Work to be completed: Could you copy word for word only the lines between the one containing "traîneau et rennes." and the end of the listing below, both included, and leave out the pictures?

Segment Start: Supplied data

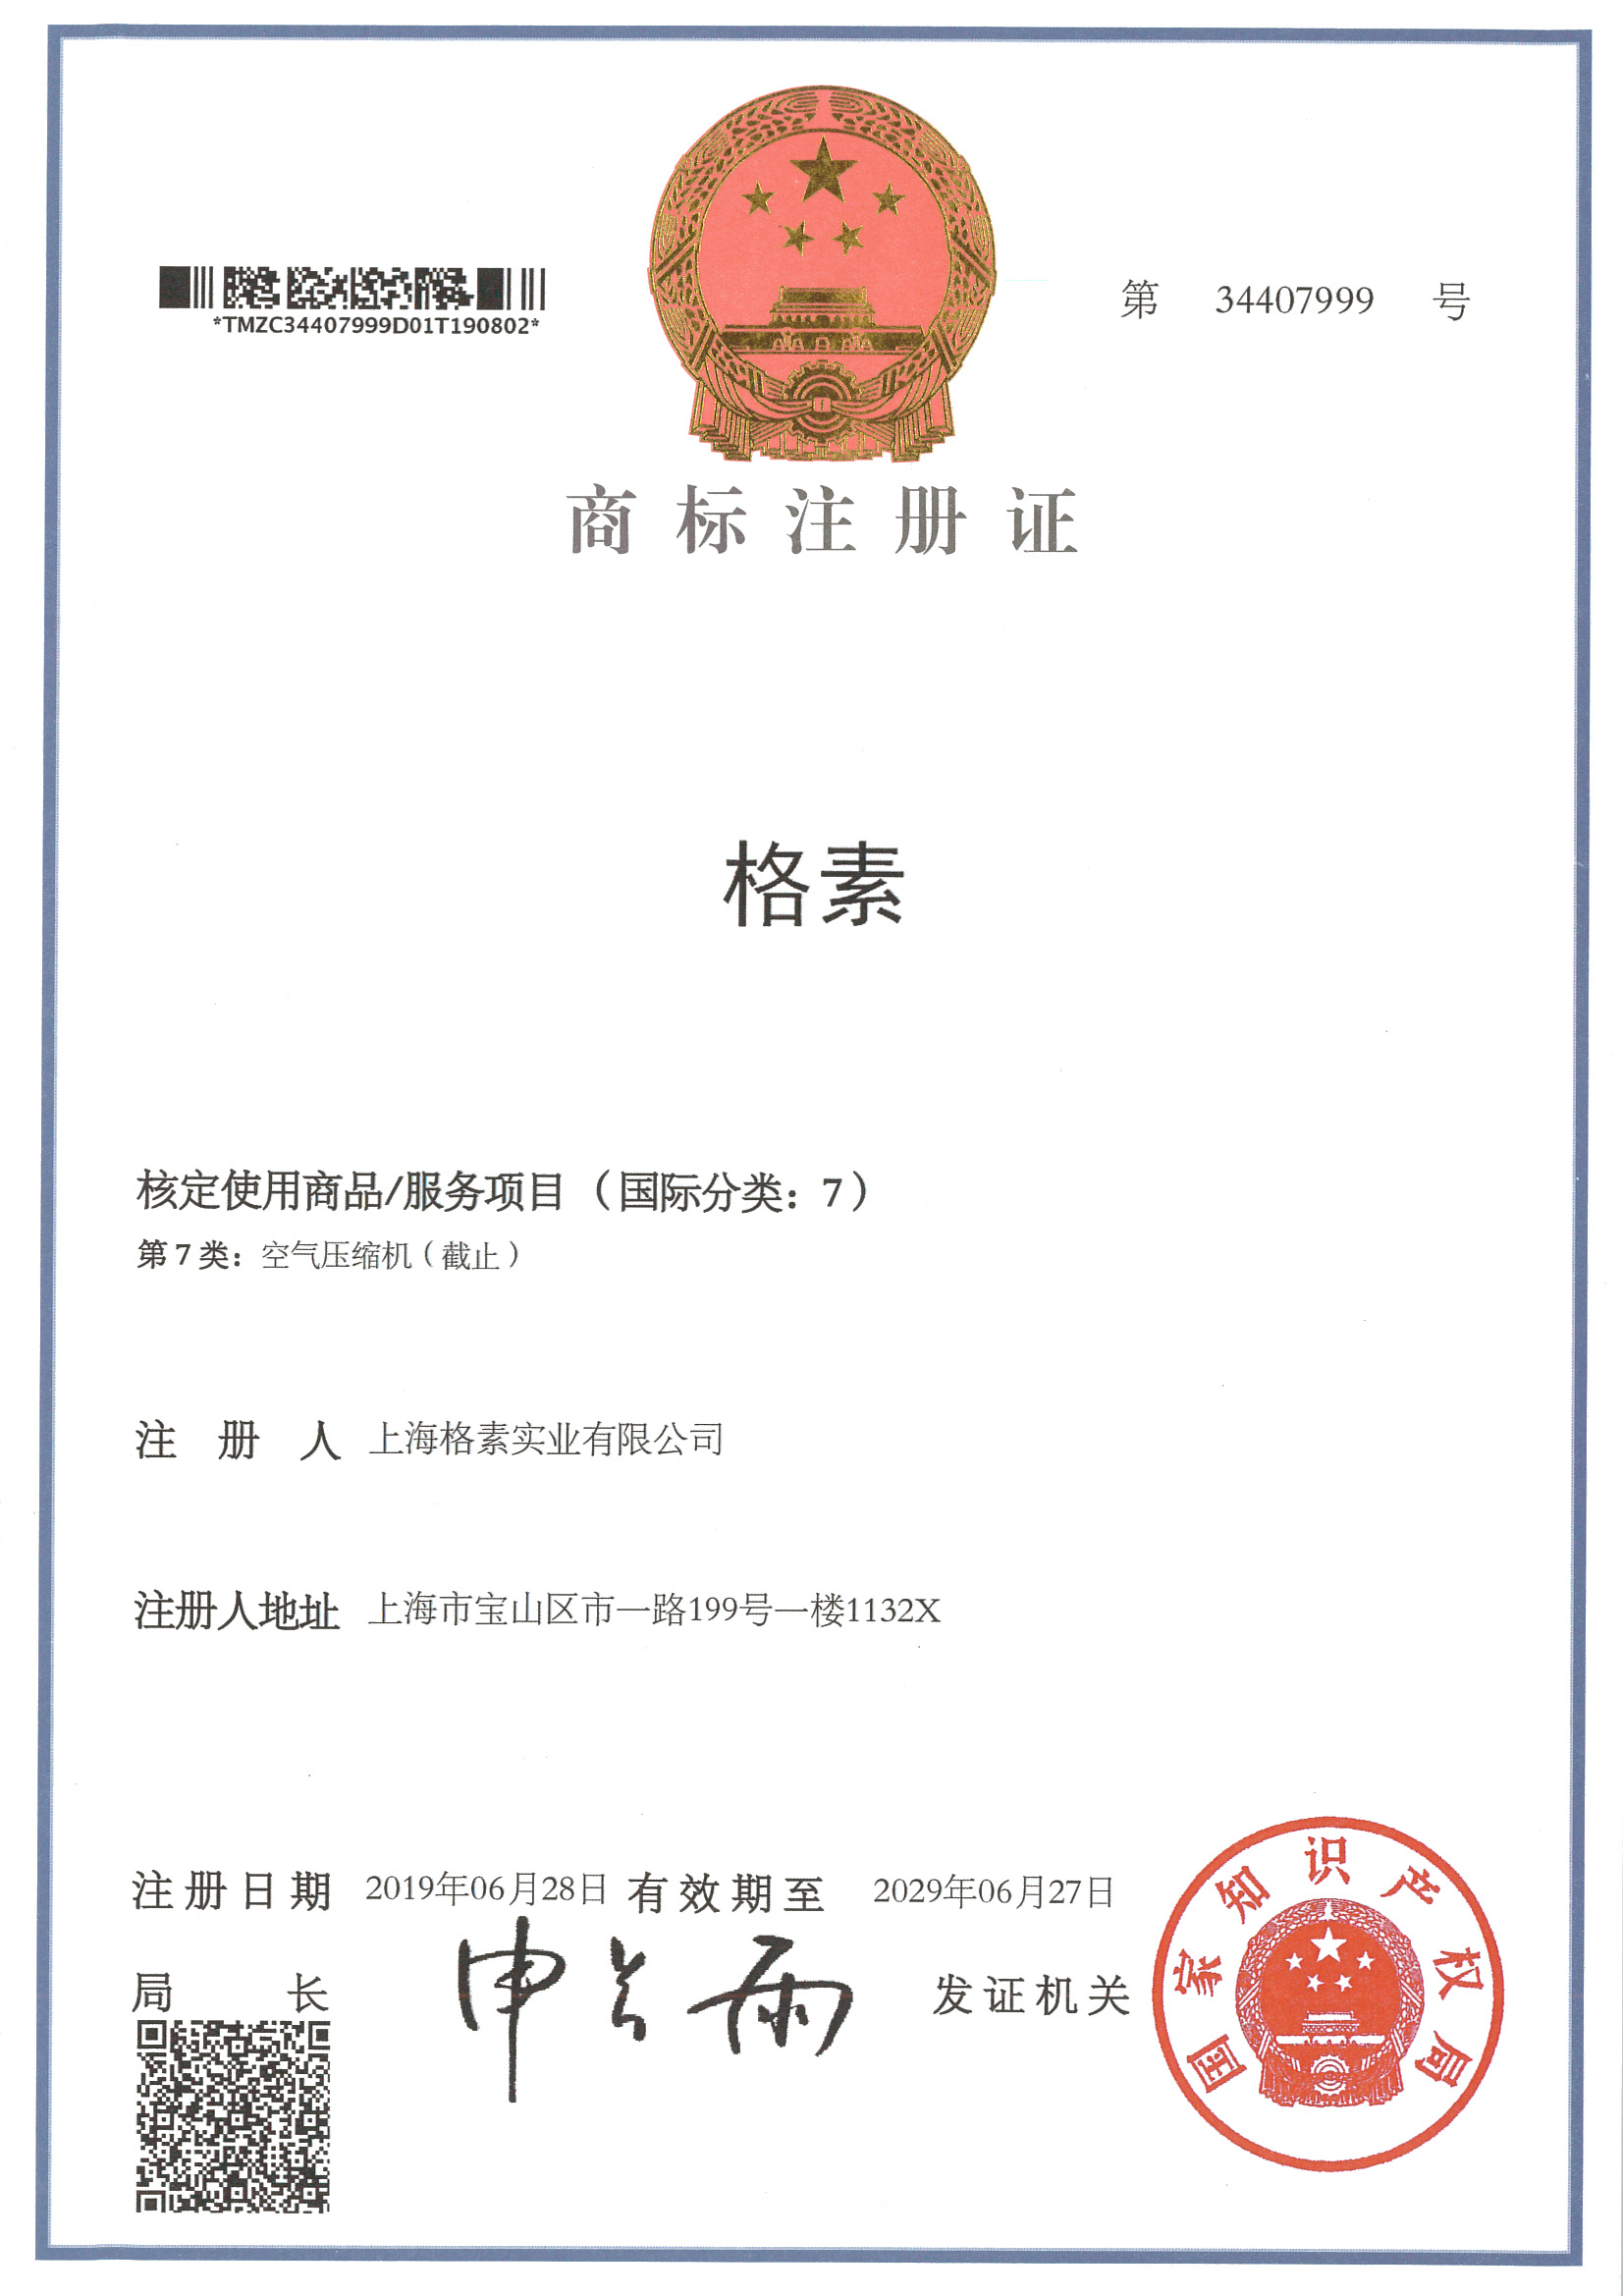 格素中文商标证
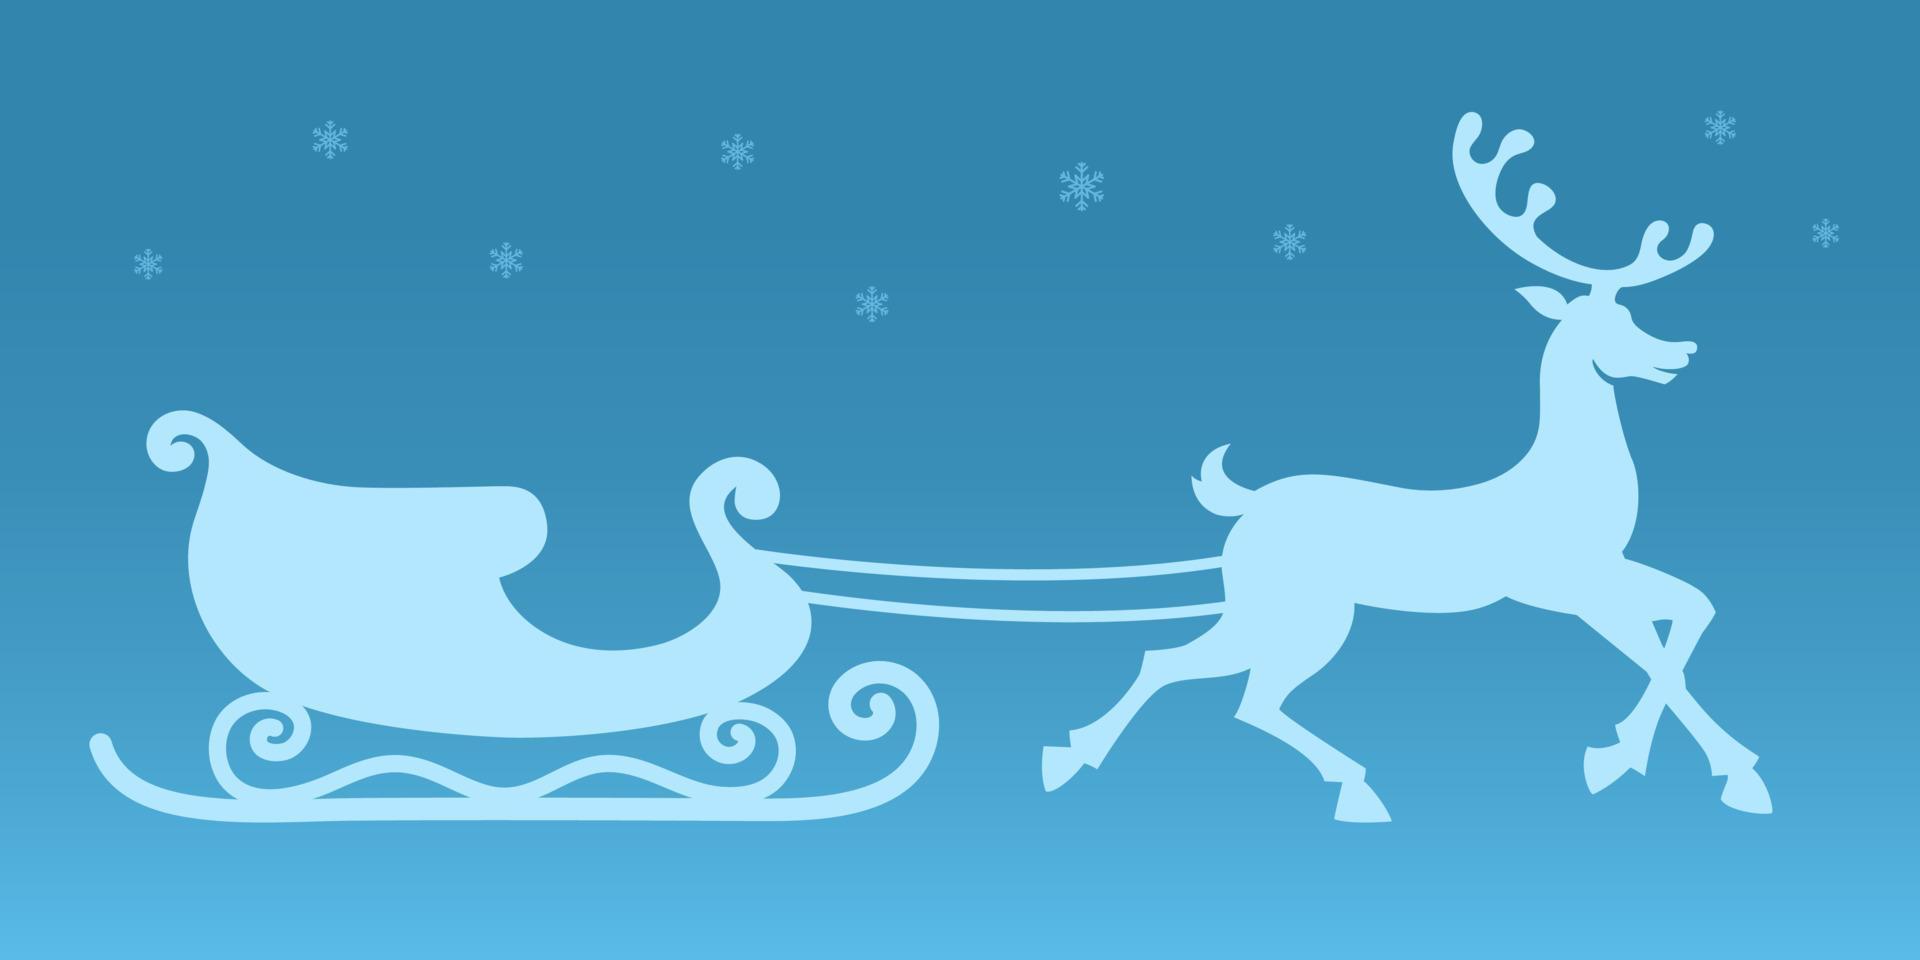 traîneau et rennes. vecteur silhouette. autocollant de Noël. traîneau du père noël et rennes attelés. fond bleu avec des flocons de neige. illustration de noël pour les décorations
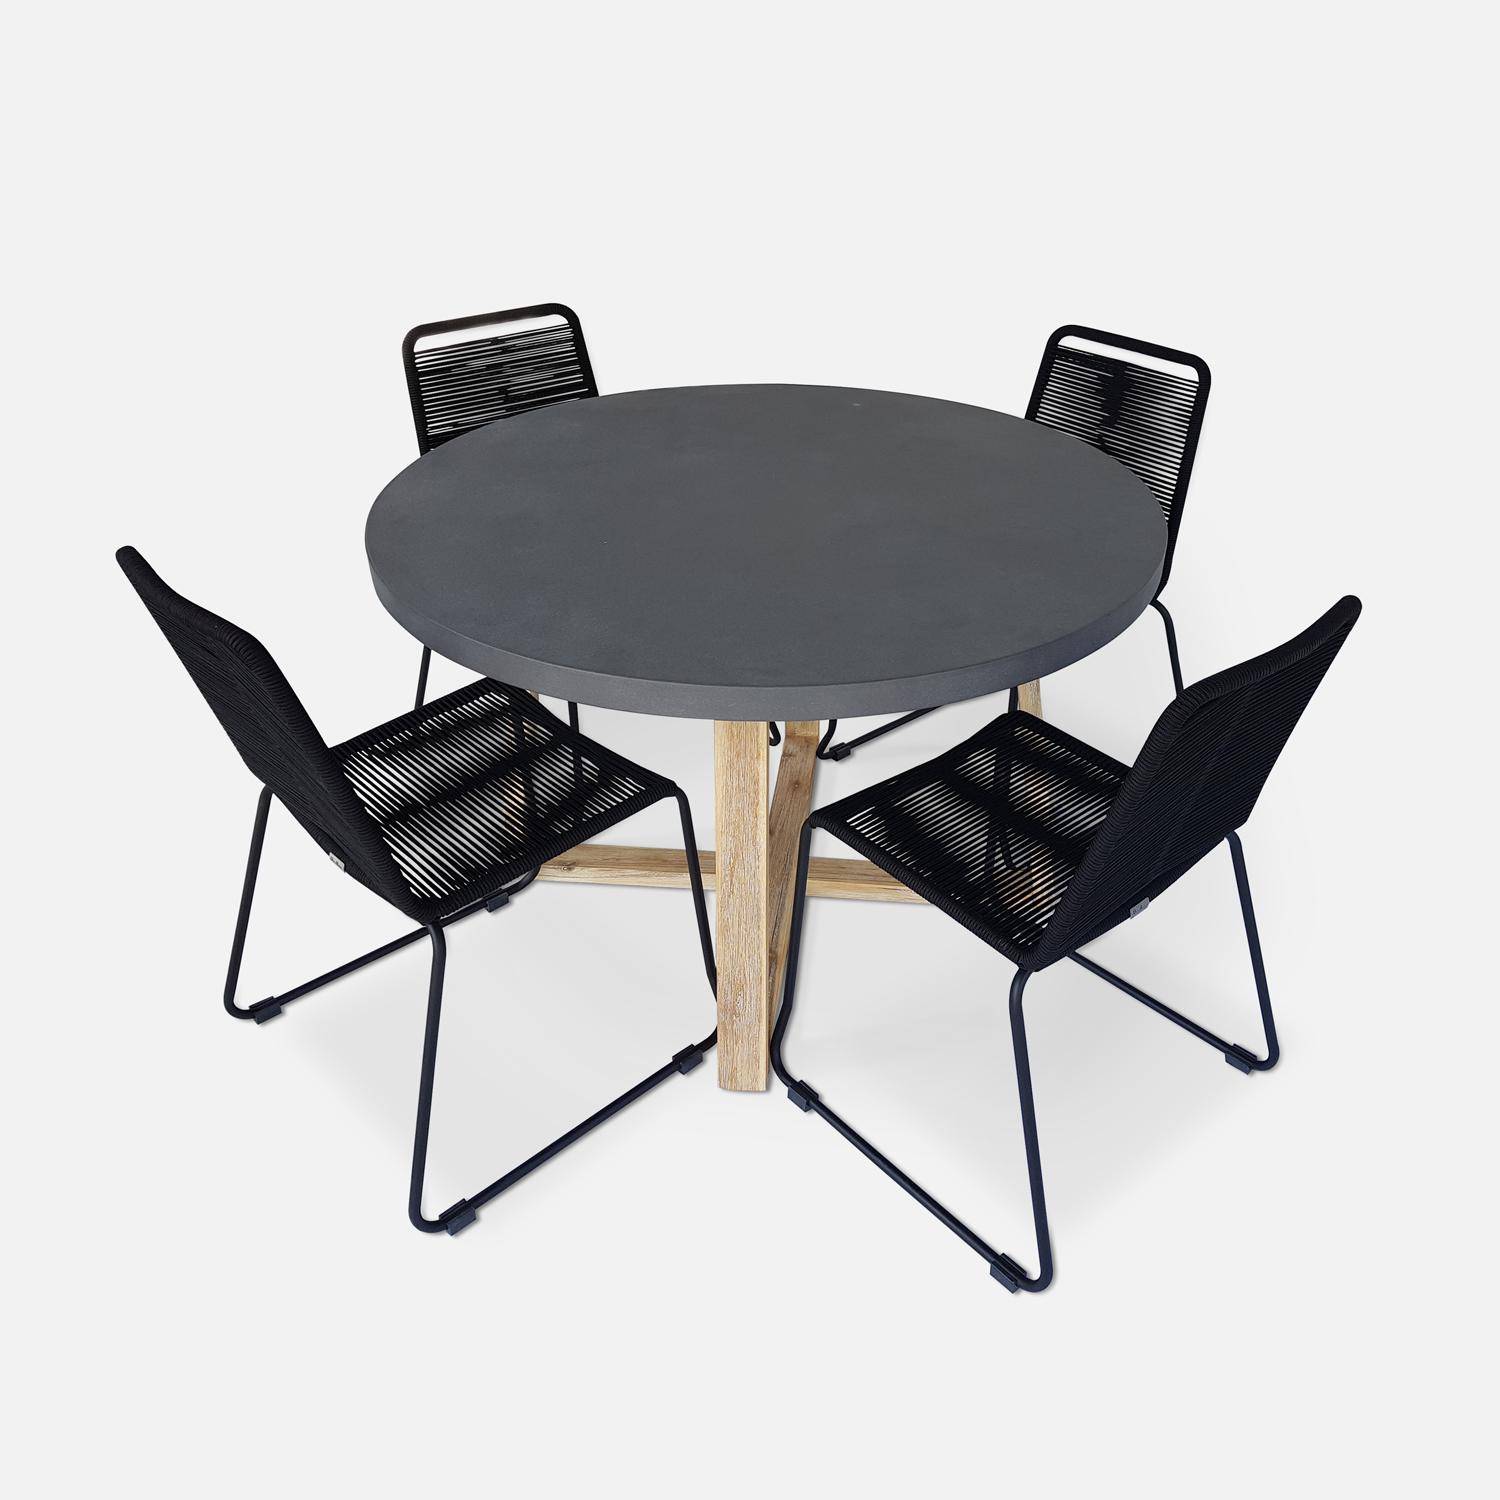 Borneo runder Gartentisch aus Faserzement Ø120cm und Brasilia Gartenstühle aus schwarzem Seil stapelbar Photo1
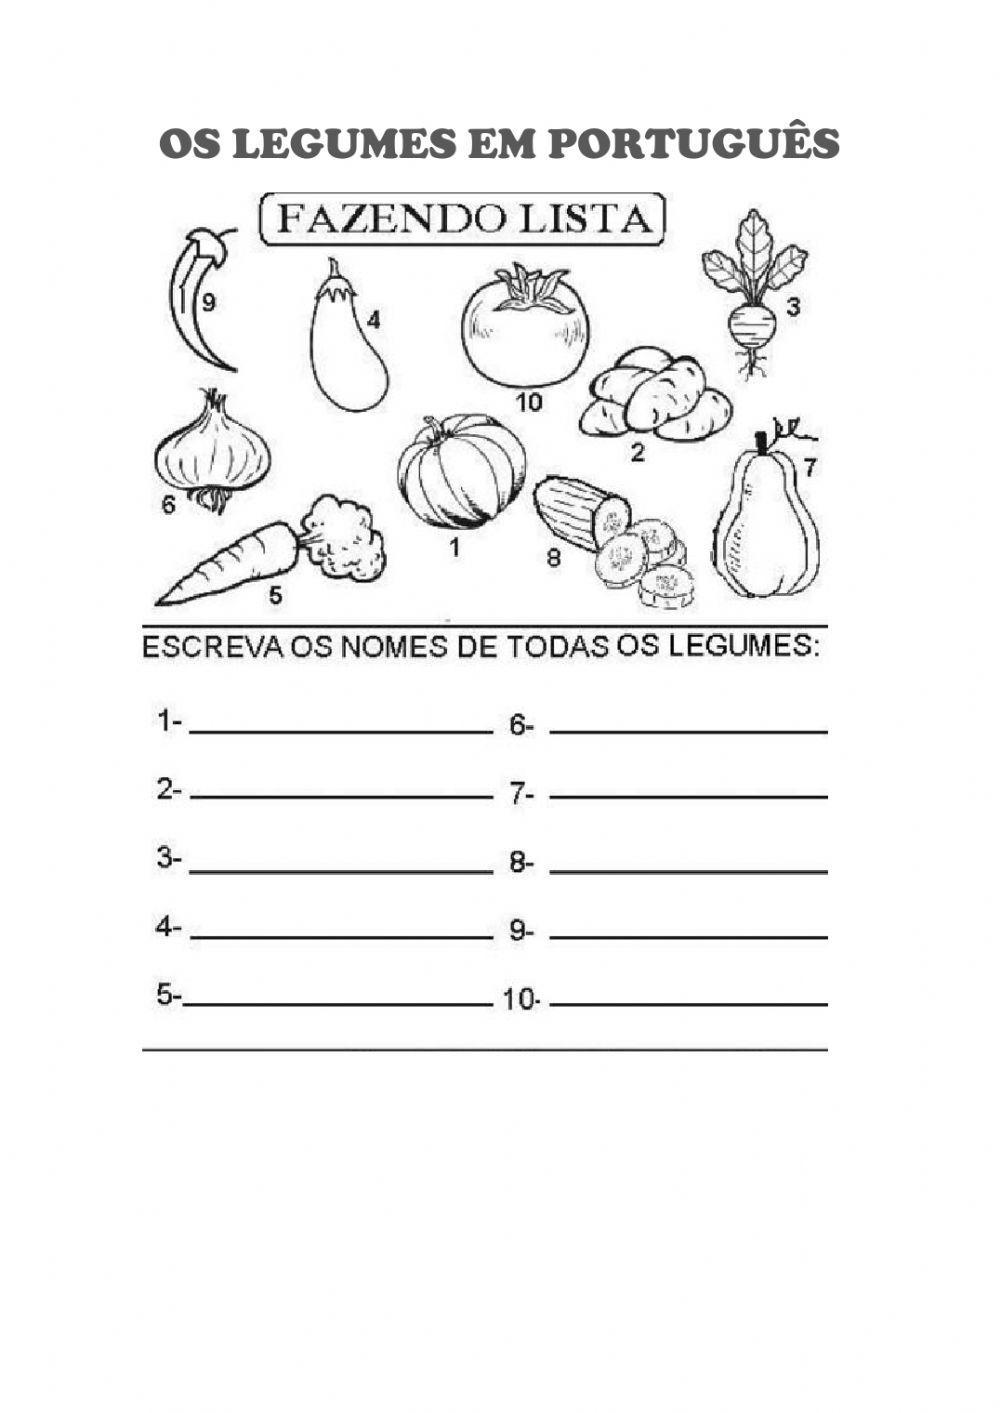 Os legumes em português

Segment End: Supplied data

Written response:
 traîneau et rennes. vecteur silhouette. autocollant de Noël. traîneau du père noël et rennes attelés. fond bleu avec des flocons de neige. illustration de noël pour les décorations
 Borneo runder Gartentisch aus Faserzement Ø120cm und Brasilia Gartenstühle aus schwarzem Seil stapelbar Photo1
 Os legumes em português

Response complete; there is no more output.